Menurut dr. M Ardhian Syaifudin, Sp.F, proses DVI terdiri dari empat fase. Pada fase 1, dilakukan pengolahan tempat kejadian perkara (TKP). Pada fase 2 dilakukan identifikasi pada jenazah (post mortem). Fase 1 dan 2 dilakukan untuk mengidentifikasi korban. Sedangkan fase 3 adalah pengumpulan data orang hilang atau yang diduga korban. Data post mortem dan ante mortem kemudian dicocokkan.
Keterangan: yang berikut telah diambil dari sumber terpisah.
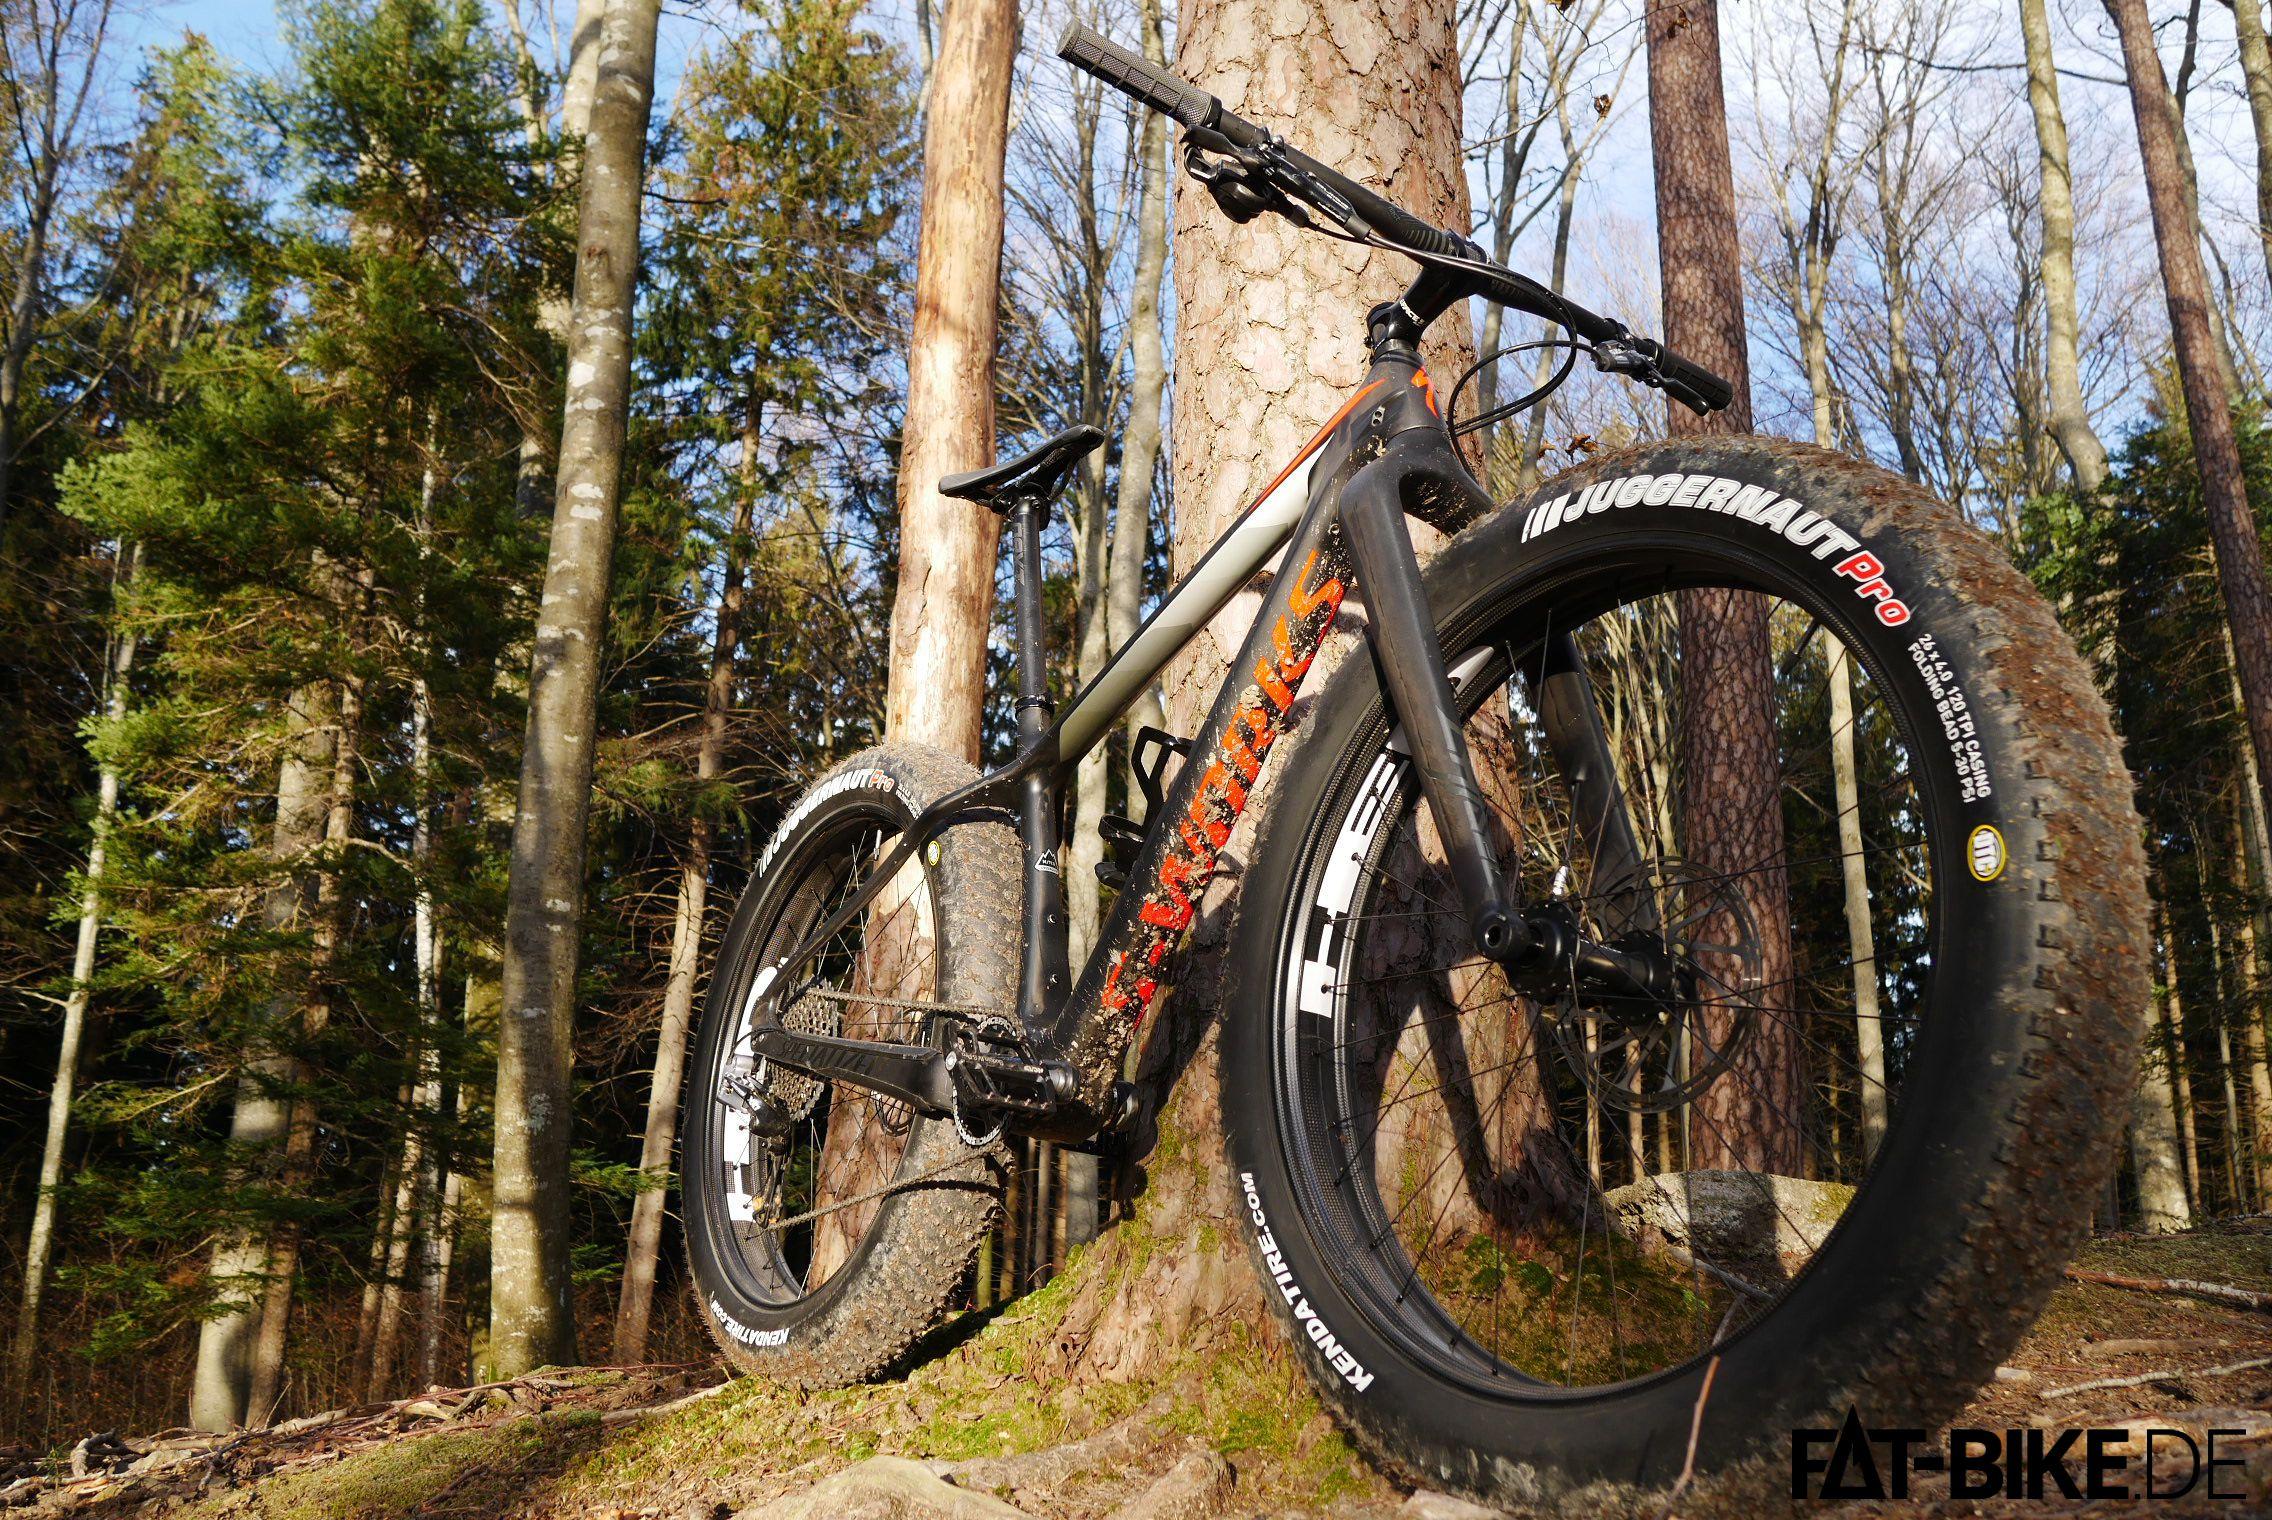 The Kenda Juggernaut 4.0 Pro is the lightest FATBike tire

Kemudian, fase 4 adalah rekonsiliasi.

Dalam suatu kejadian bencana, akan ditetapkan satu rumah sakit sebagai pusat identifikasi jenazah. Di sini dibuat satu posko ante mortem, dimana masyarakat bisa melaporkan anggota keluarganya yang hilang atau diduga menjadi korban bencana. Petugas akan menyiapkan lembar kuning (lembar AM) dan  melakukan wawancara dan pengambilan sampel atau barang-barang milik korban.

Dalam wawancara akan ditanyakan identitas pelapor (nama, alamat, hubungan, nomor telepon dan alamat email). Juga akan ditanyakan identitas orang yang hilang/terduga korban. Dimintakan bukti-bukti pendukung identifikasi primer (seperti rekam sidik jari, nama dokter dan dokter gigi atau tempat berobat sebelumnya).  Selain itu, ditanyakan ciri-ciri fisik dan pakaian/perhiasan yang diduga dikenakan saat bencana.
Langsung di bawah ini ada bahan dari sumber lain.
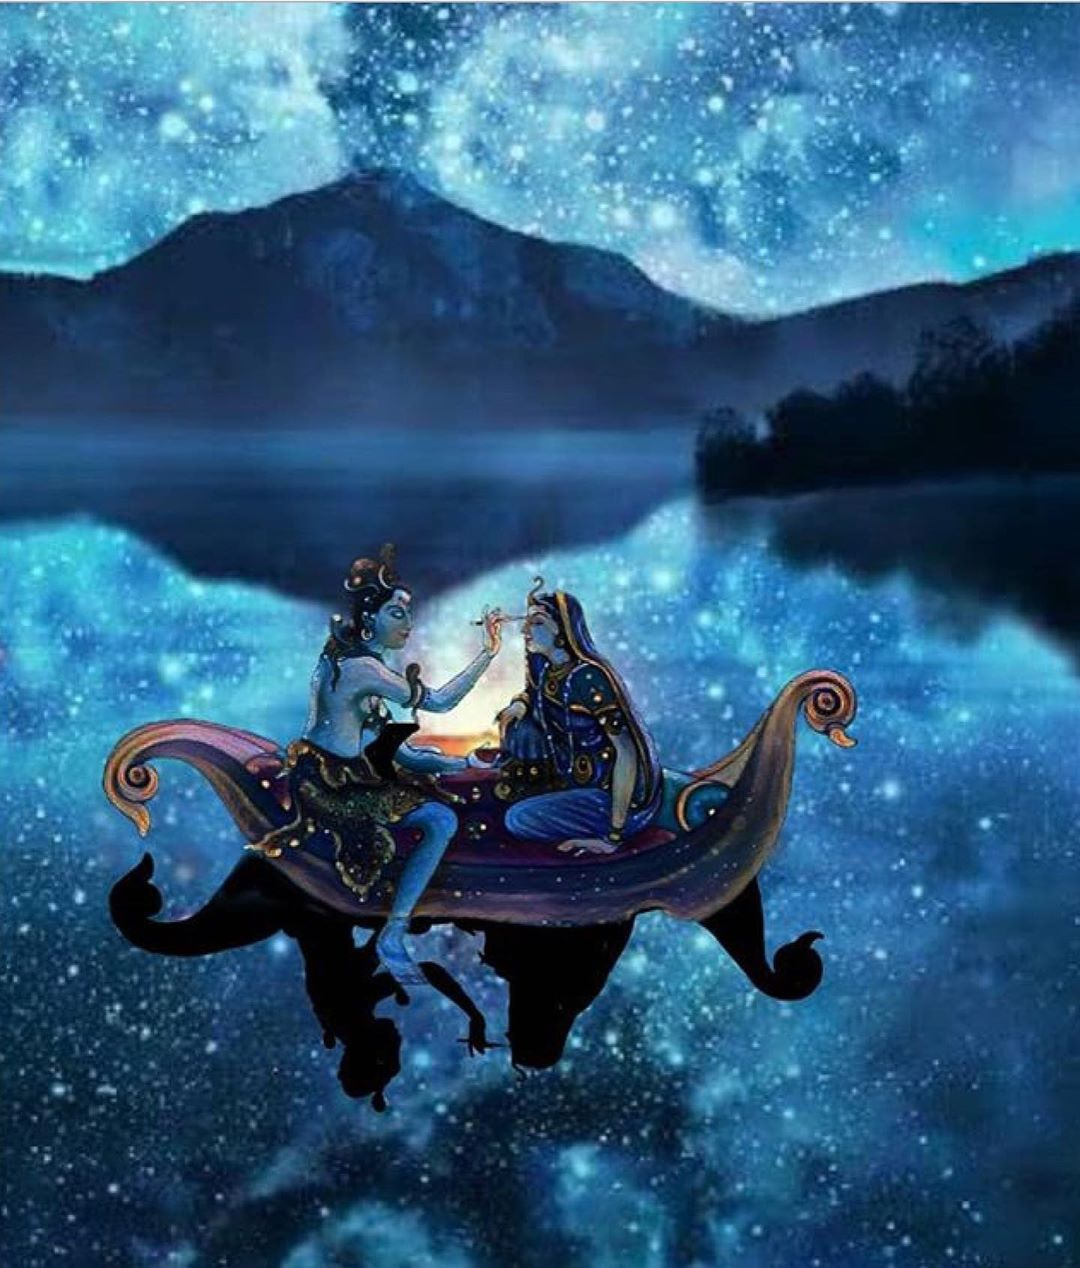 Free Download Amazing Mahakal Wallpaper Lord Shiva Images Lyrics Tune

Agar tidak bolak-balik ke posko ante mortem, menurut dr. Ardhian, pelapor harus menyiapkan data primer, mencakup gigi, fricton ridge analysis (sidik jari/ telapak tangan /telapak kaki dan DNA) dan data sekunder (mencakup barang-barang milik korban, baju, perhiasan dan identitas yang melekat pada tubuh). Bukti pendukung yang bisa membantu adalah riwayat tindakan medis (plase dan screw, alat pacu jantung, KB spiral dan lain-lain) dan tanda-tanda pada tubuh (tato, tahi lalat, tindik, jaringan parut dan disabilitas).

Data ante mortem dicocokkan dengan data post mortem, pada fase rekonsiliasi. Teridentifikasi apabila minimal 1 data primer positif, dengan atau tanpa data sekunder. Atau, korban memenuhi minimal dua data sekunder, jika tanpa data primer.